If you are looking to read an inspiring post that will motivate you to skate, this is not what you are looking for and you might not want to read on. I guess we all have such days. Today is just one of those days for me.
I feel insecure proclaiming this online but since this blog is a log of my skating progress… today, I actually attended a learn-to-skate instructor training. I failed the assessment because of my forward crossovers. I admit I still feel awkward doing forward crossovers in the opposite direction and that I avoid doing it because I don’t want to look like an idiot. Perhaps one day I’ll go back to redo the assessment. But for now, yes I think this serves as a reminder that my footwork is pathetic and it’s high time I start to incorporate all the basic elements which have long been forgotten into every practice session.
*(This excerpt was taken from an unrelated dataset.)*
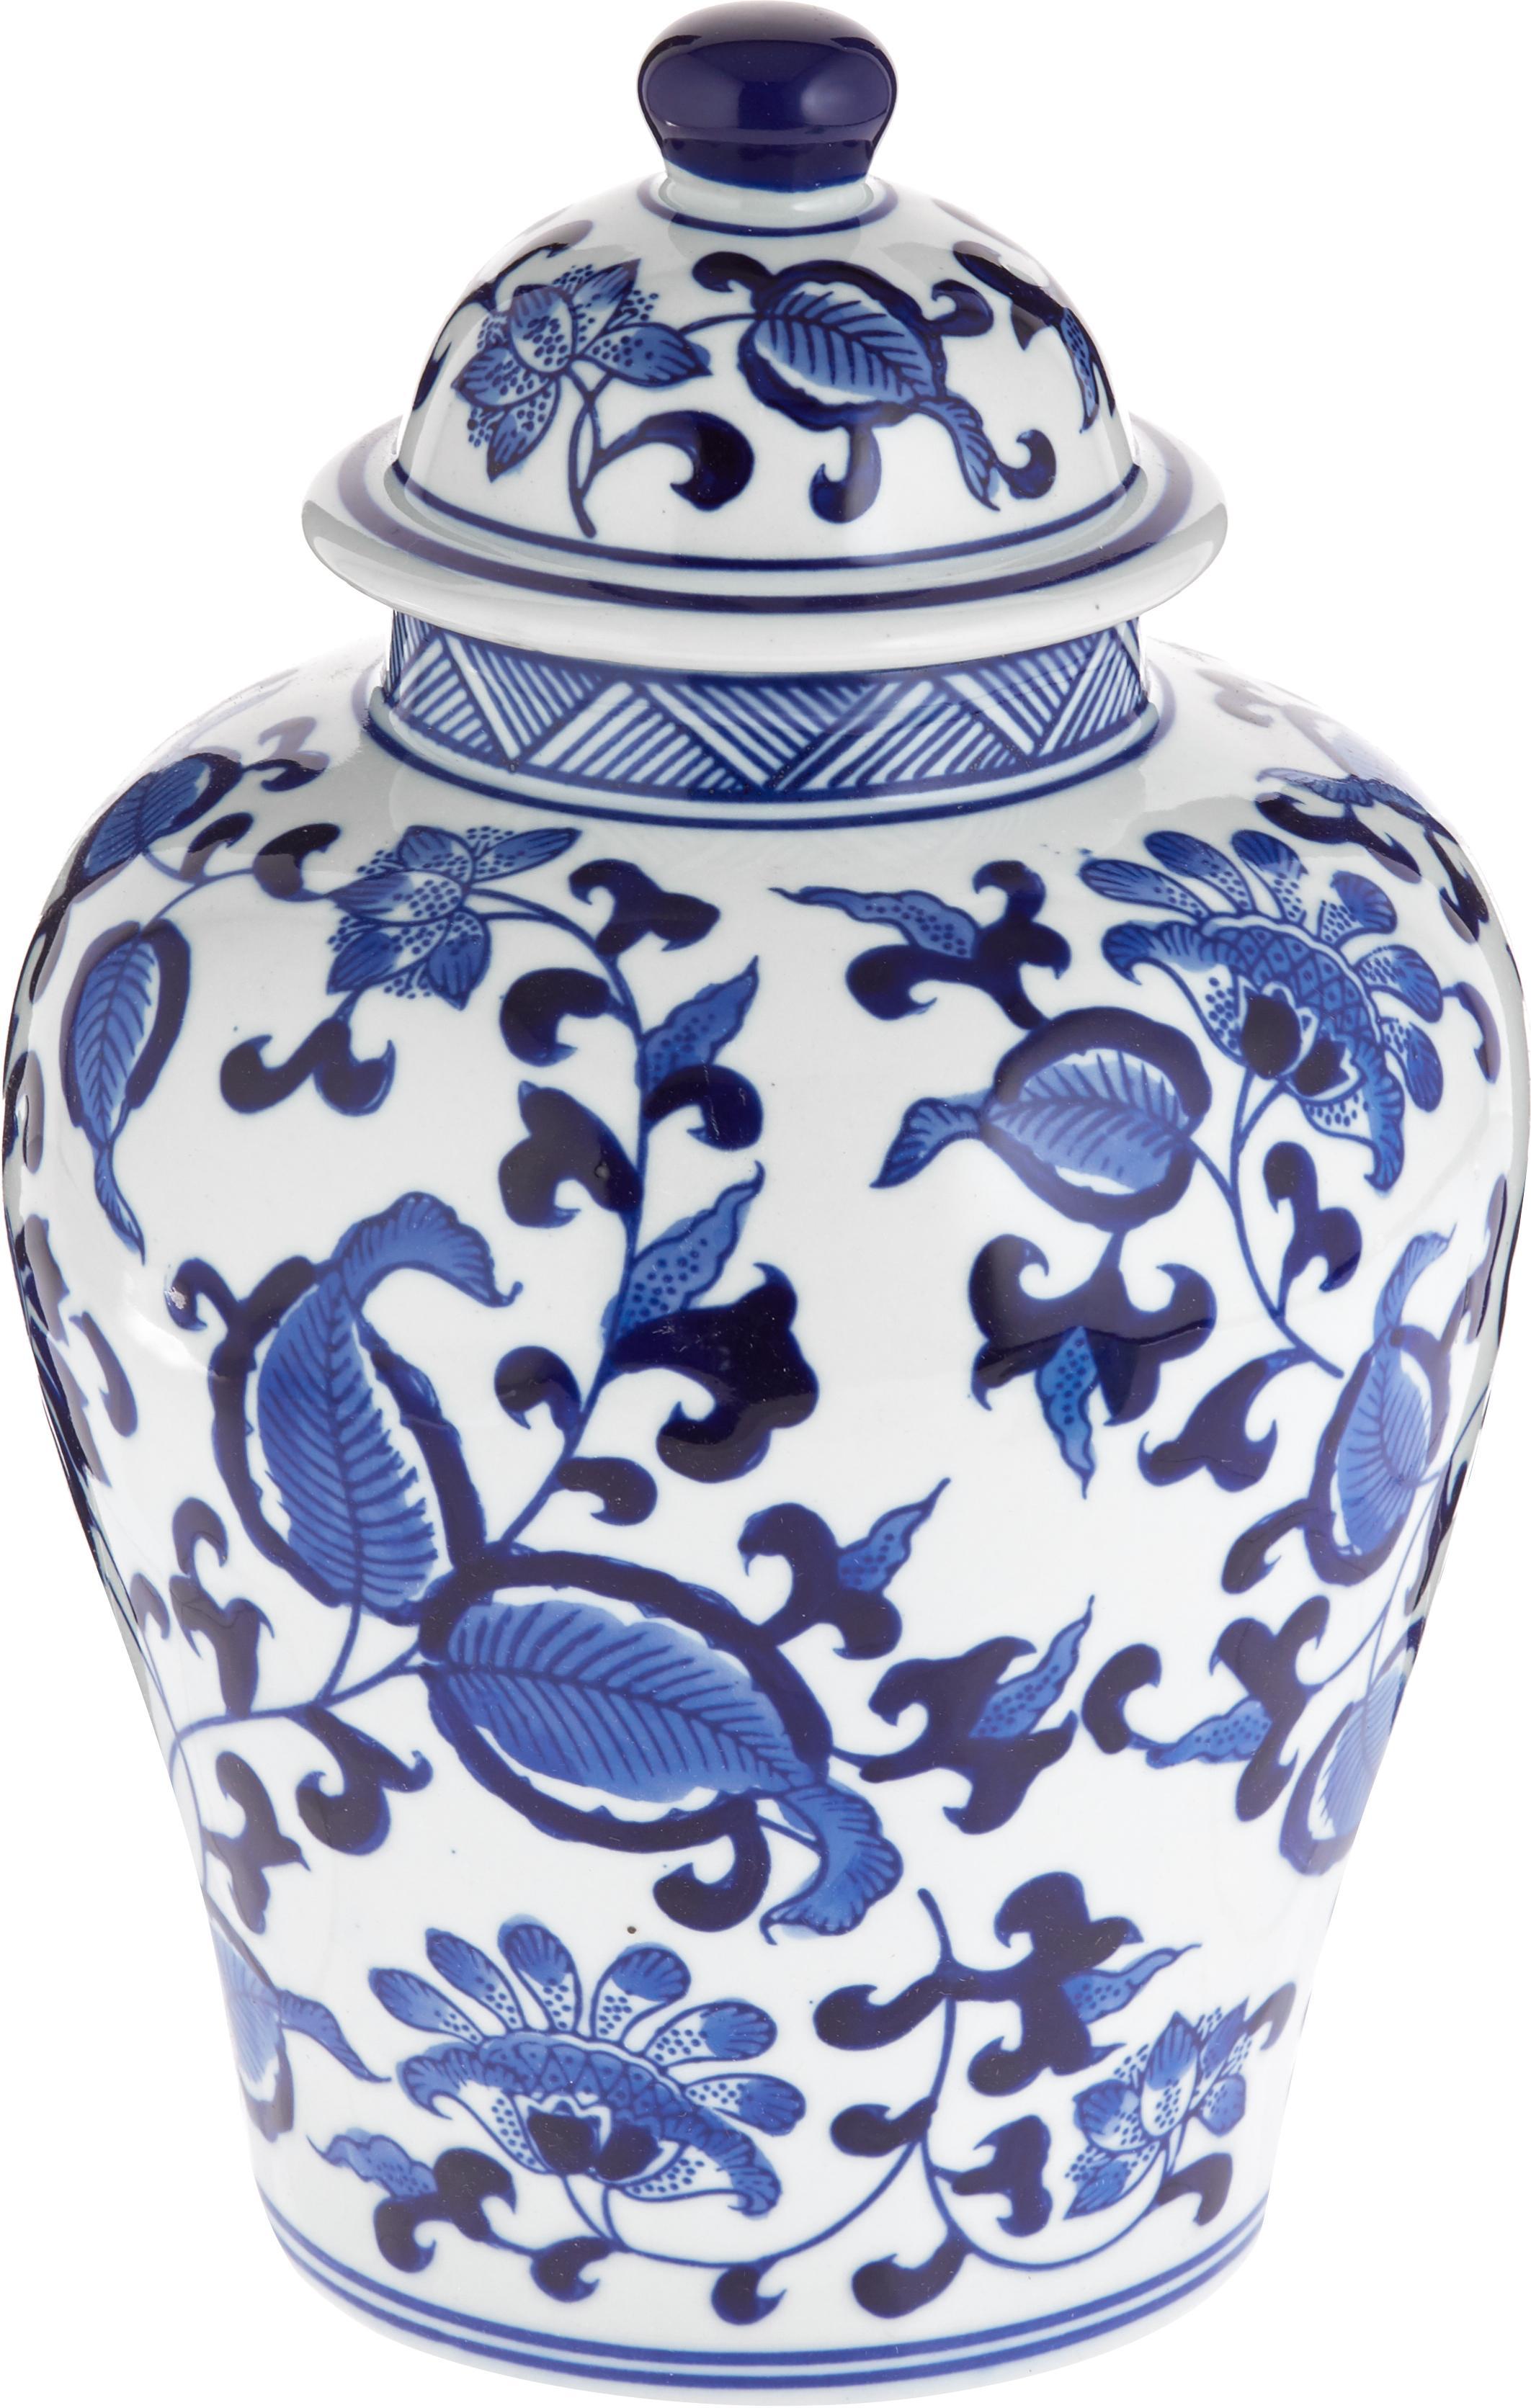 Tibor de porcelana Annabelle, Porcelana, Azul, blanco, Ø 16 cm

Kind of demoralised today because most of the other skaters at the assessment today were really good. They were mostly ex-competitive skaters who are no longer skating much but returning to coach. I feel small. And a bit tired. I might have been skating too much - almost daily this holiday. Think I should cut down on the ice time and rest my body a bit. Note to self: Always remember your love for figure skating and never treat it like an obligation. Practice shows, so does passion.
P.S. This is a depressing post, I know, but I’m okay. Just tired but it’ll be okay. I’m probably going to get over it and be back on the ice in a couple of days - not even weeks haha.